### [Collected material]
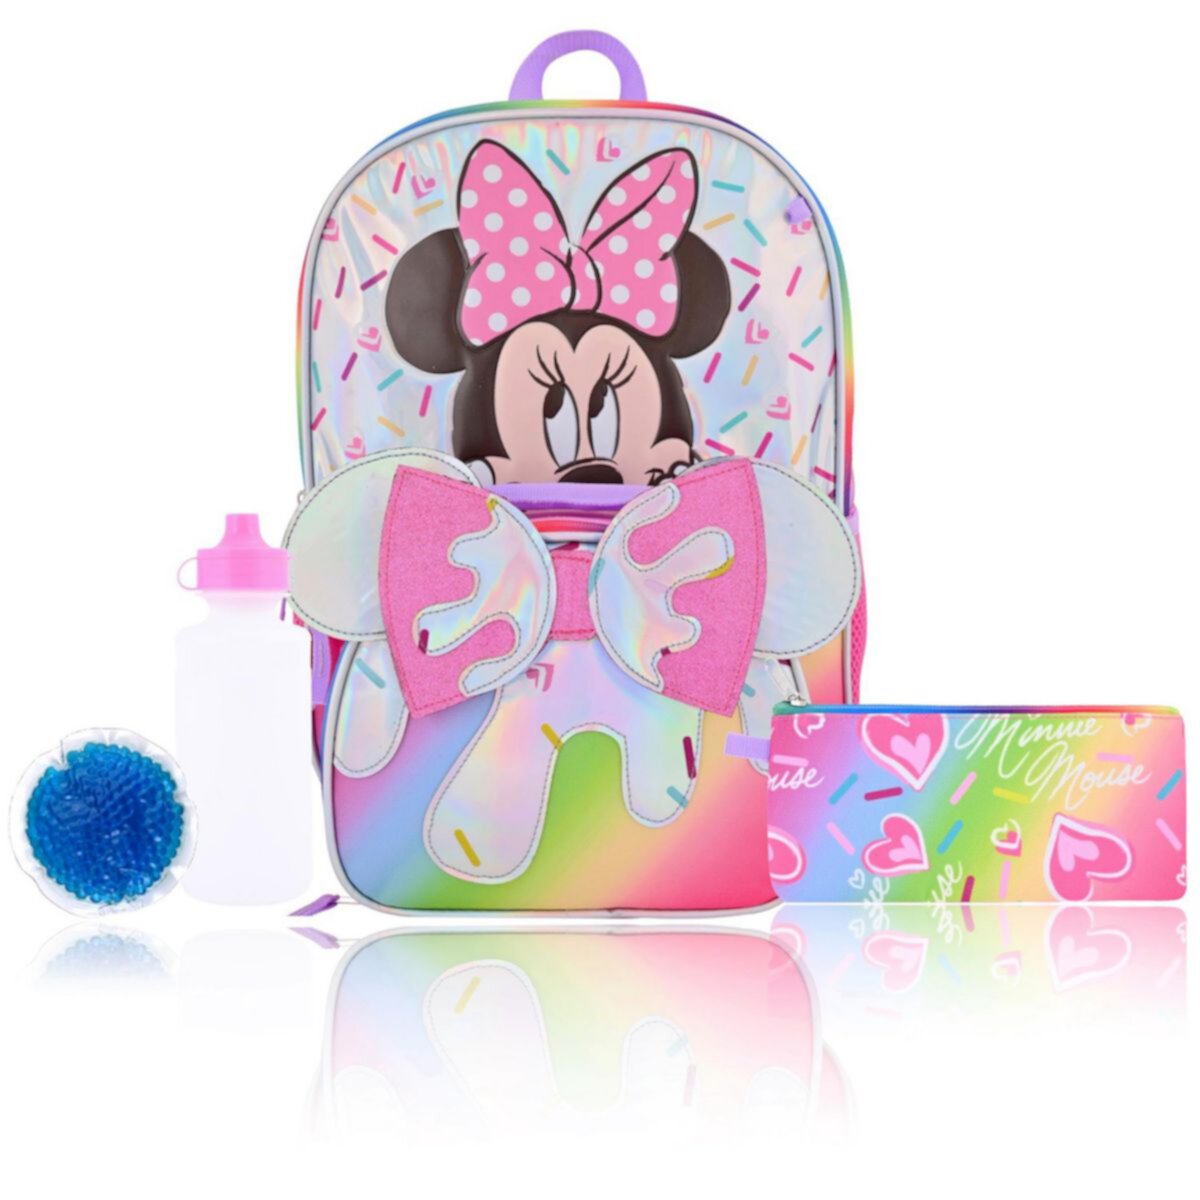 Disney's Minnie Mouse 5-Piece Backpack Set Licensed Character
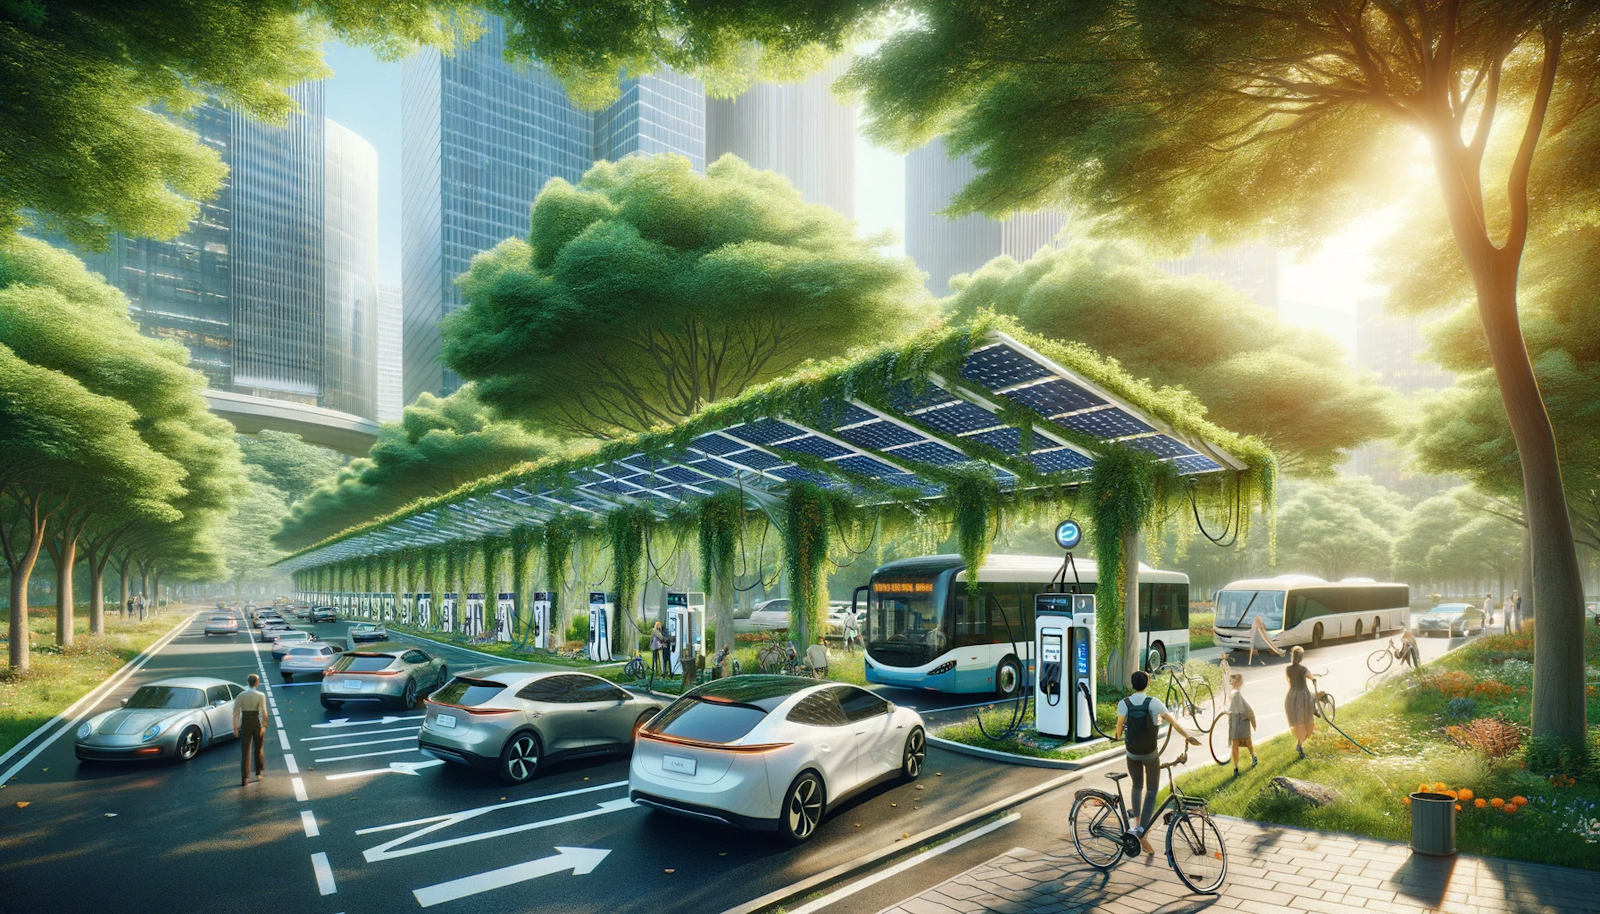 Futuristic cityscape with integrated electric vehicle charging stations among electric cars, buses, and trucks in a sustainable urban environment.
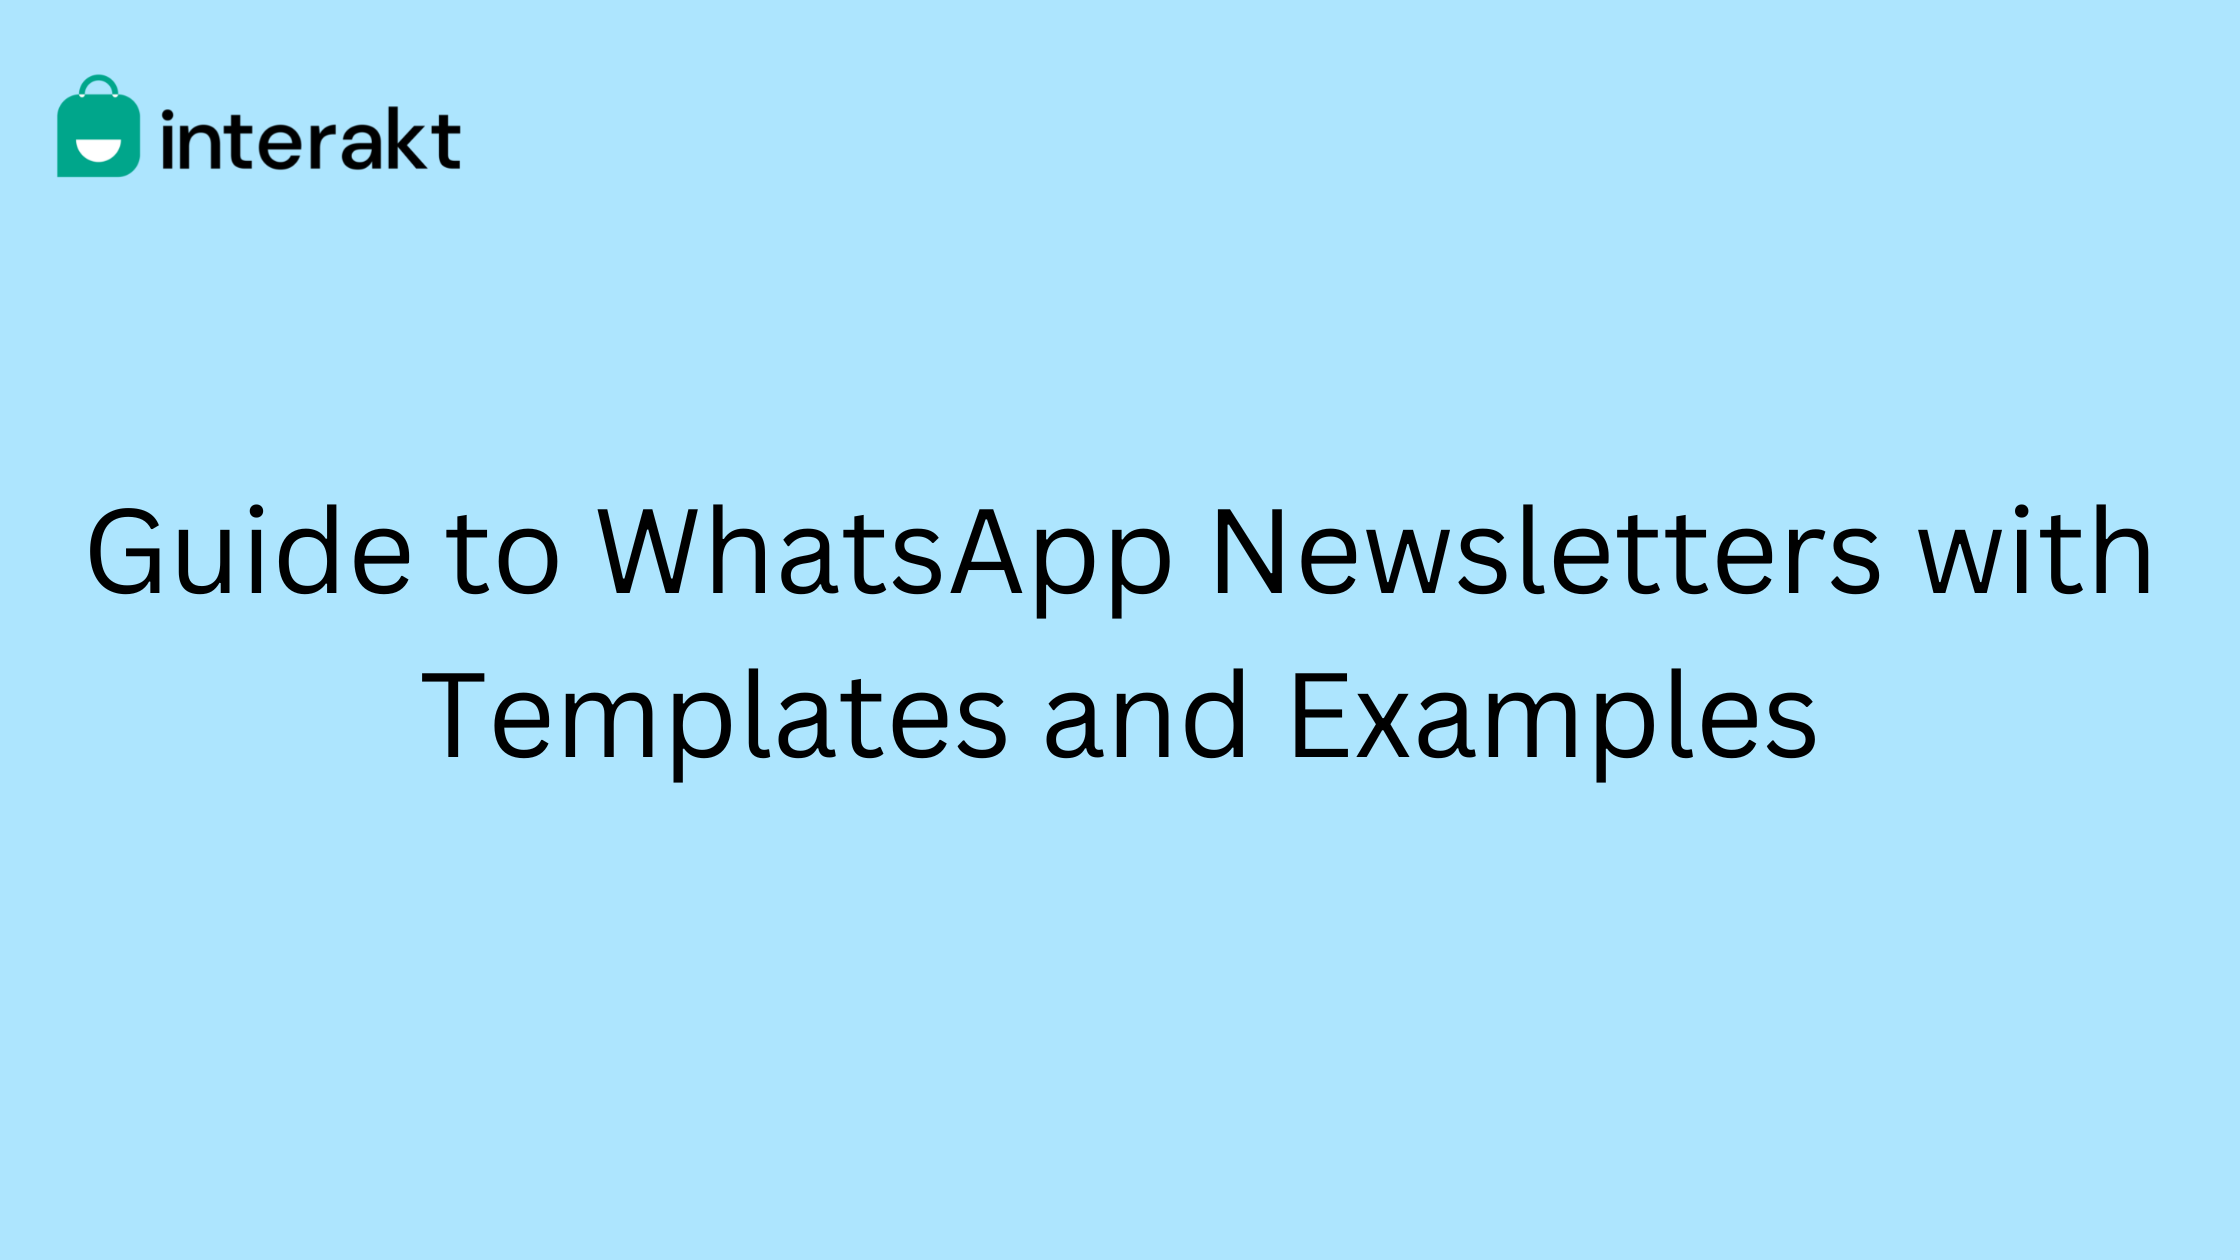 Guide to WhatsApp Newsletters with Templates and

### [Exercise brief]
Return only the lines from the one that contains "Futuristic cityscape with" through the closing line of the data, inclusive, reproduced exactly and with every picture left out.

### [Answer below]
 Futuristic cityscape with integrated electric vehicle charging stations among electric cars, buses, and trucks in a sustainable urban environment.
 Guide to WhatsApp Newsletters with Templates and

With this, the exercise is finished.